_WHAT THE TASK REQUIRES_
Excluding pictures, what does the listing below contain from the line with "Sisoftware Sandra 截图15.PNG" up to and including the line with "Exklusive Leuchte Lampen", word for word?

_DATASET ENTRIES_
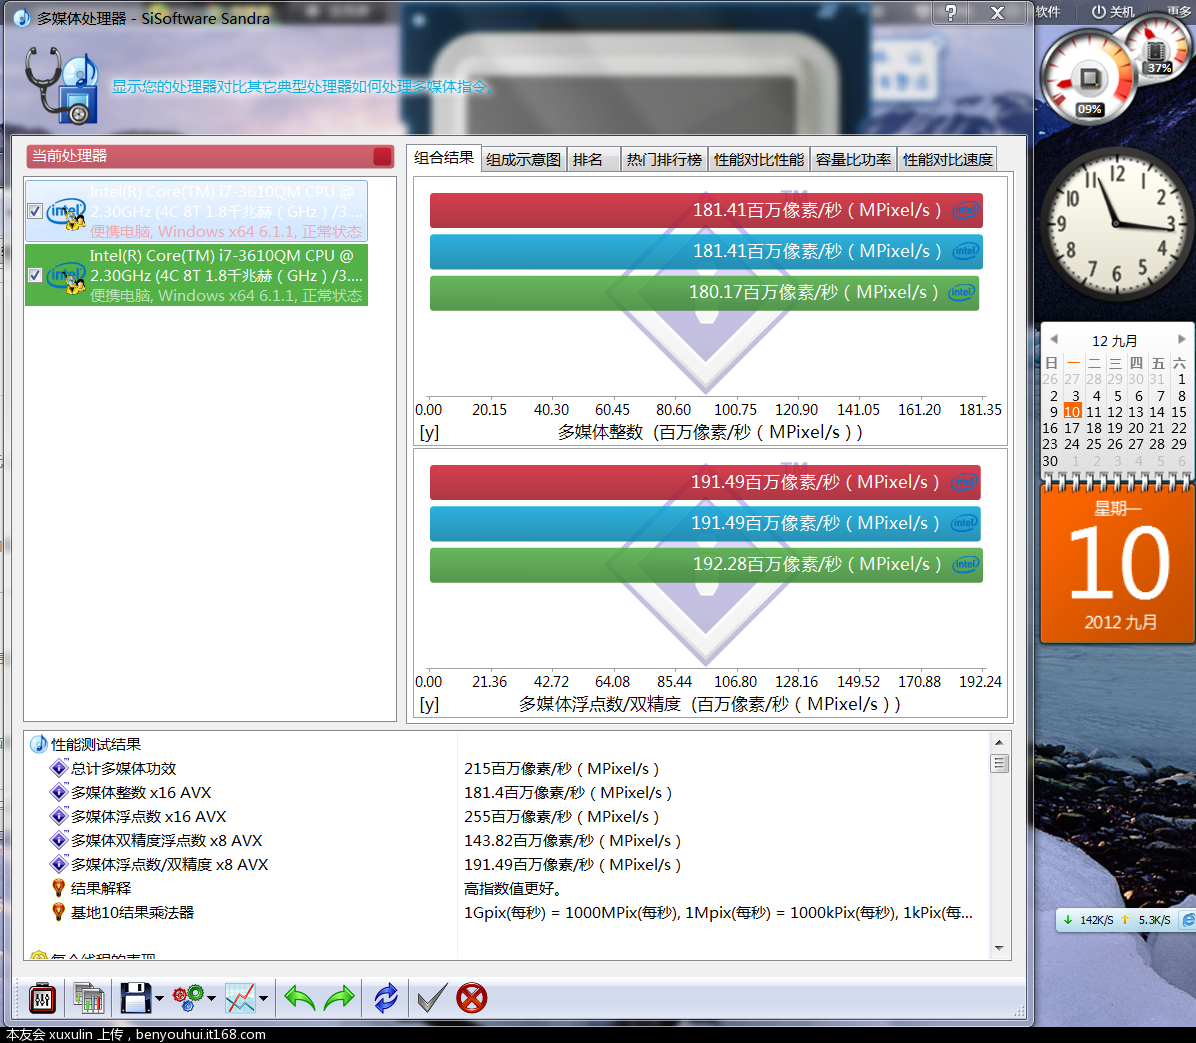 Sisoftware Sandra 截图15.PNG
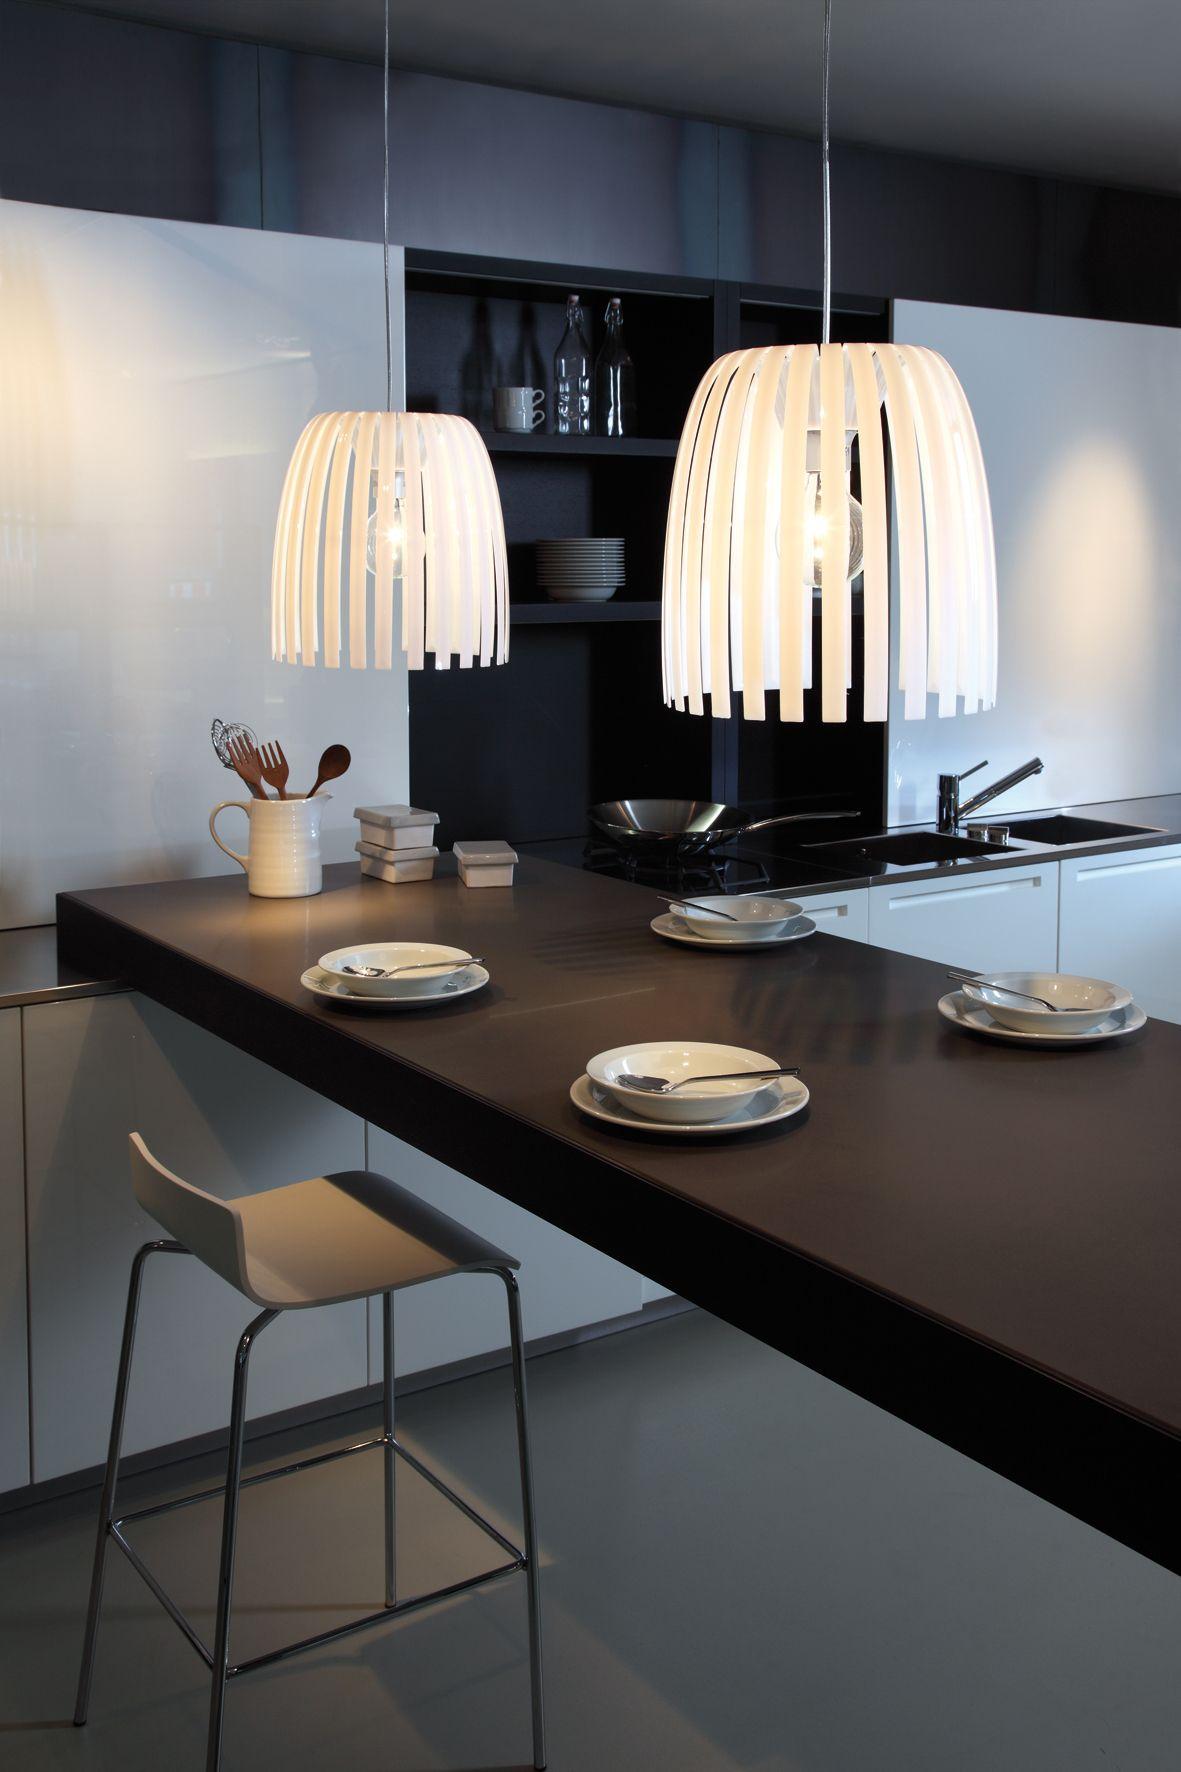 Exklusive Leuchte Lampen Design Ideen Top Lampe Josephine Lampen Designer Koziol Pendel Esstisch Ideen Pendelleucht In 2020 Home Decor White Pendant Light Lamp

* * *

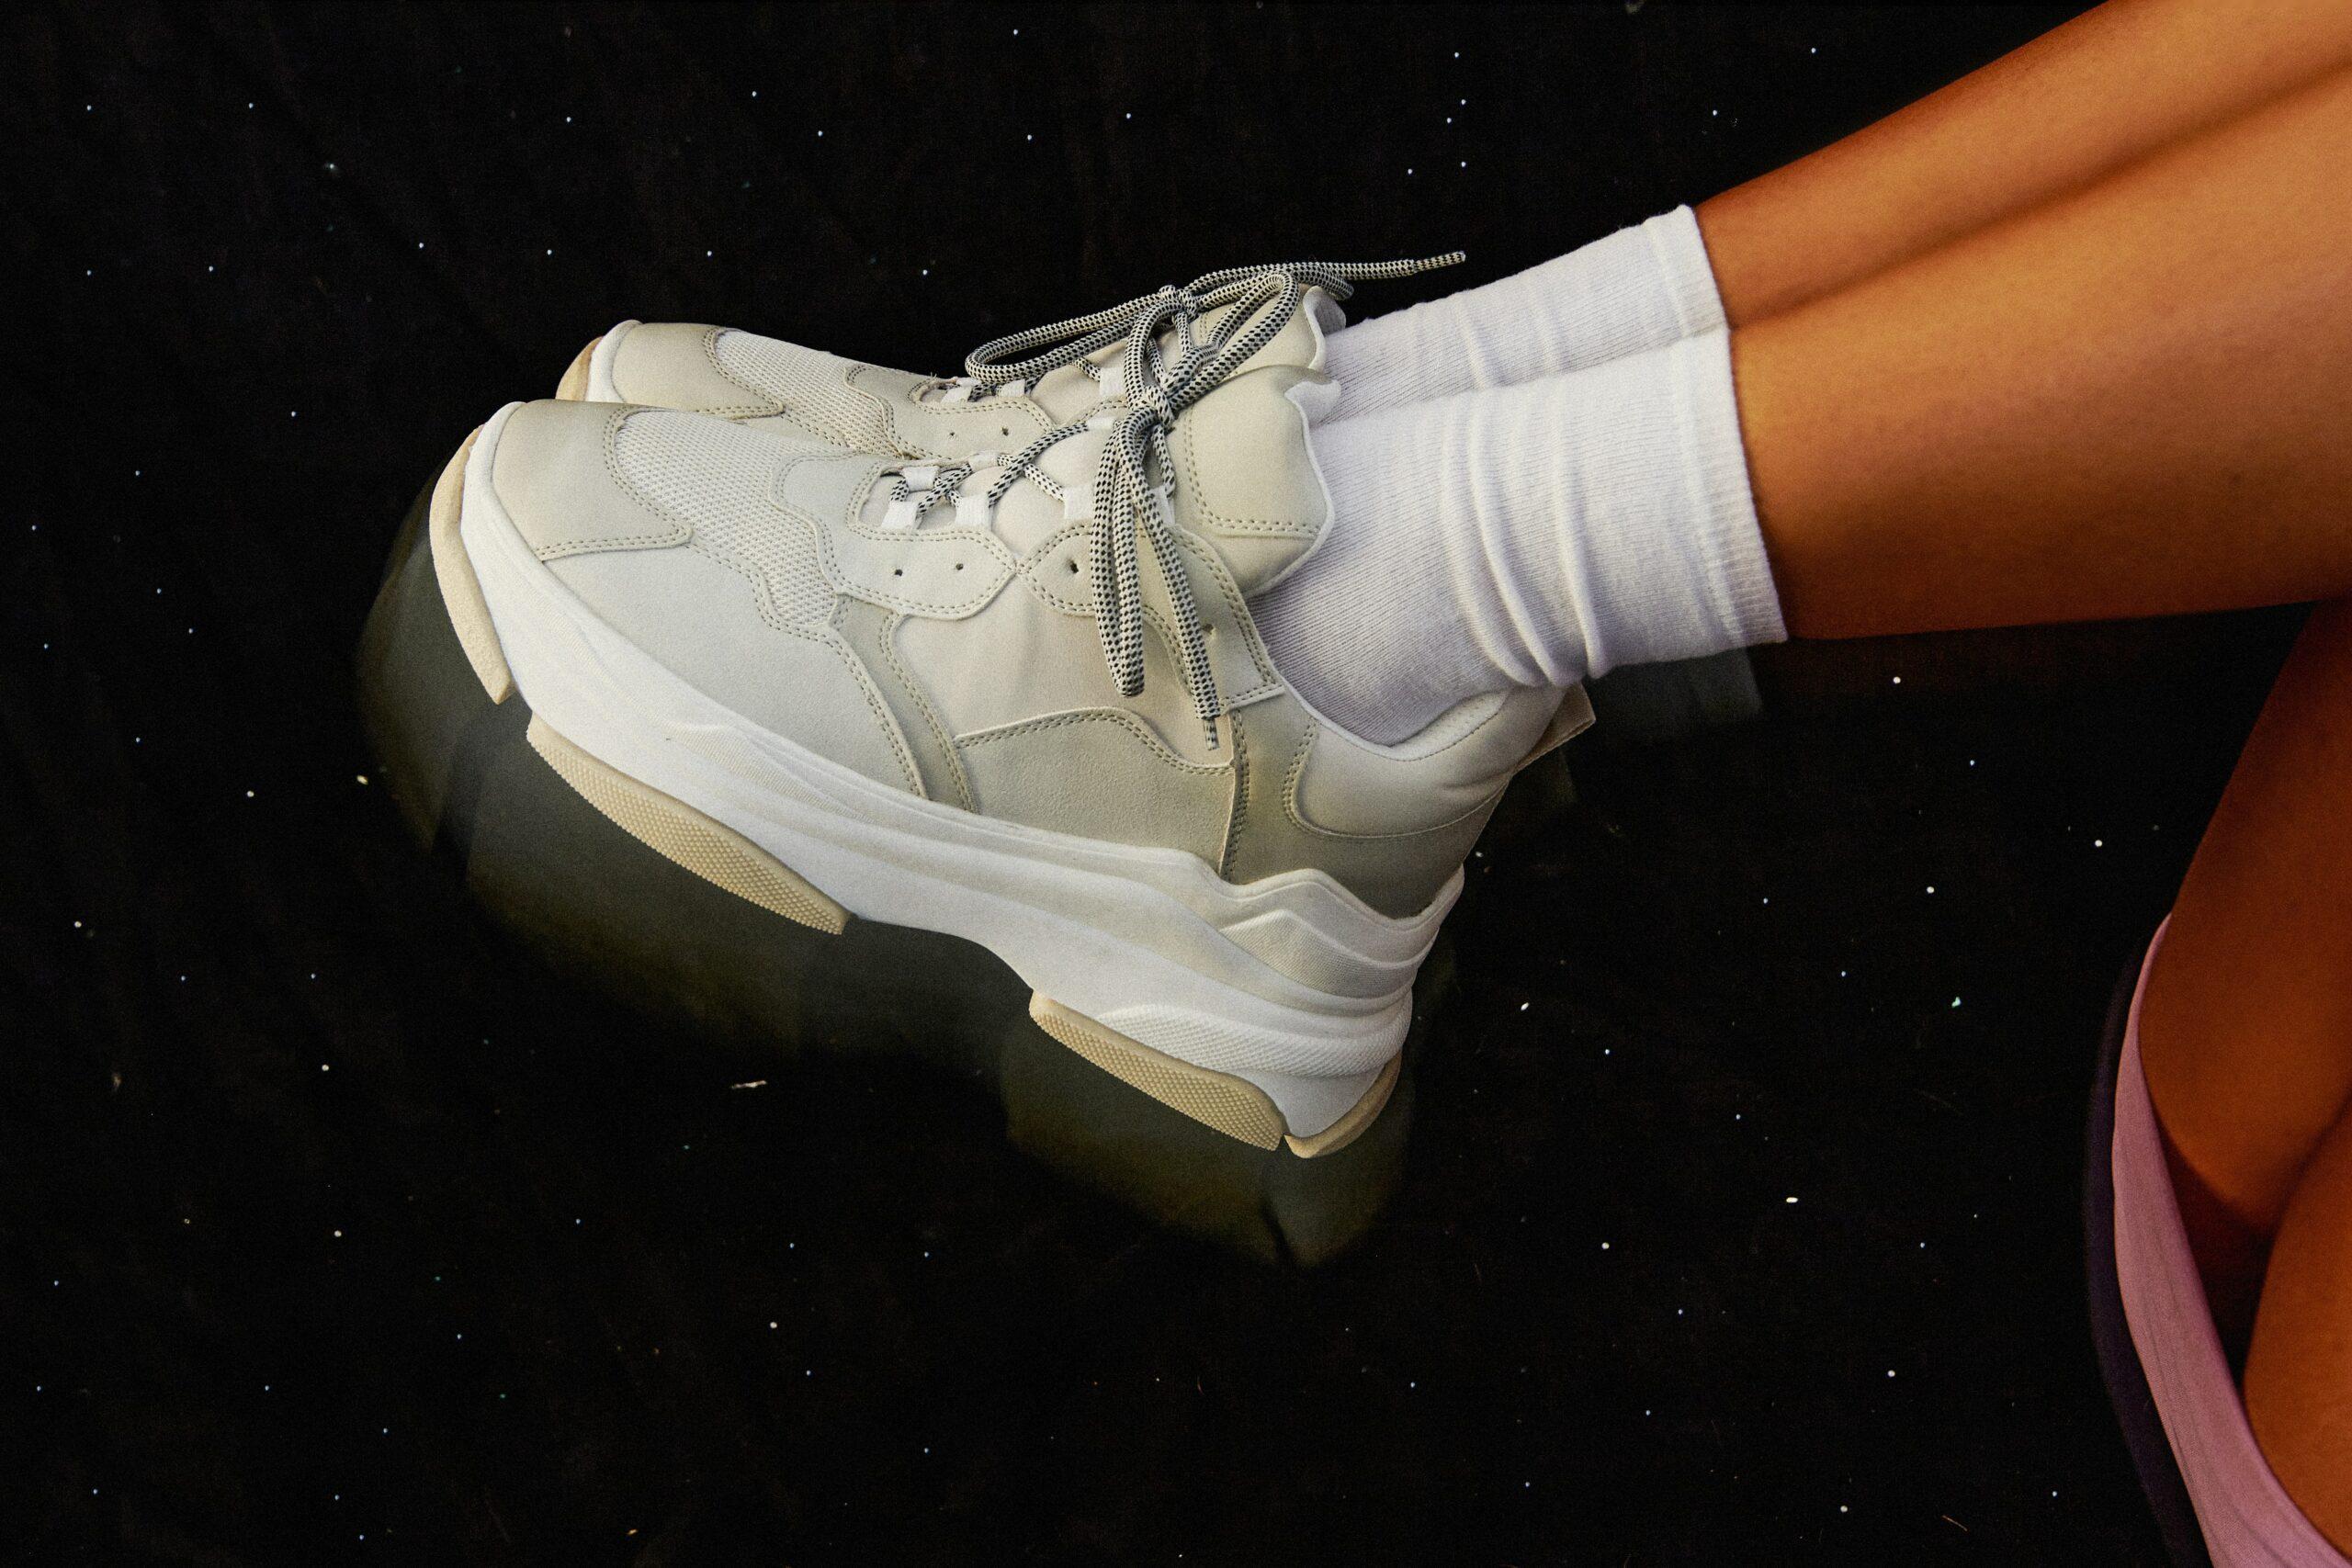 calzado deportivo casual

_WRITTEN ANSWER_
 Sisoftware Sandra 截图15.PNG
 Exklusive Leuchte Lampen Design Ideen Top Lampe Josephine Lampen Designer Koziol Pendel Esstisch Ideen Pendelleucht In 2020 Home Decor White Pendant Light Lamp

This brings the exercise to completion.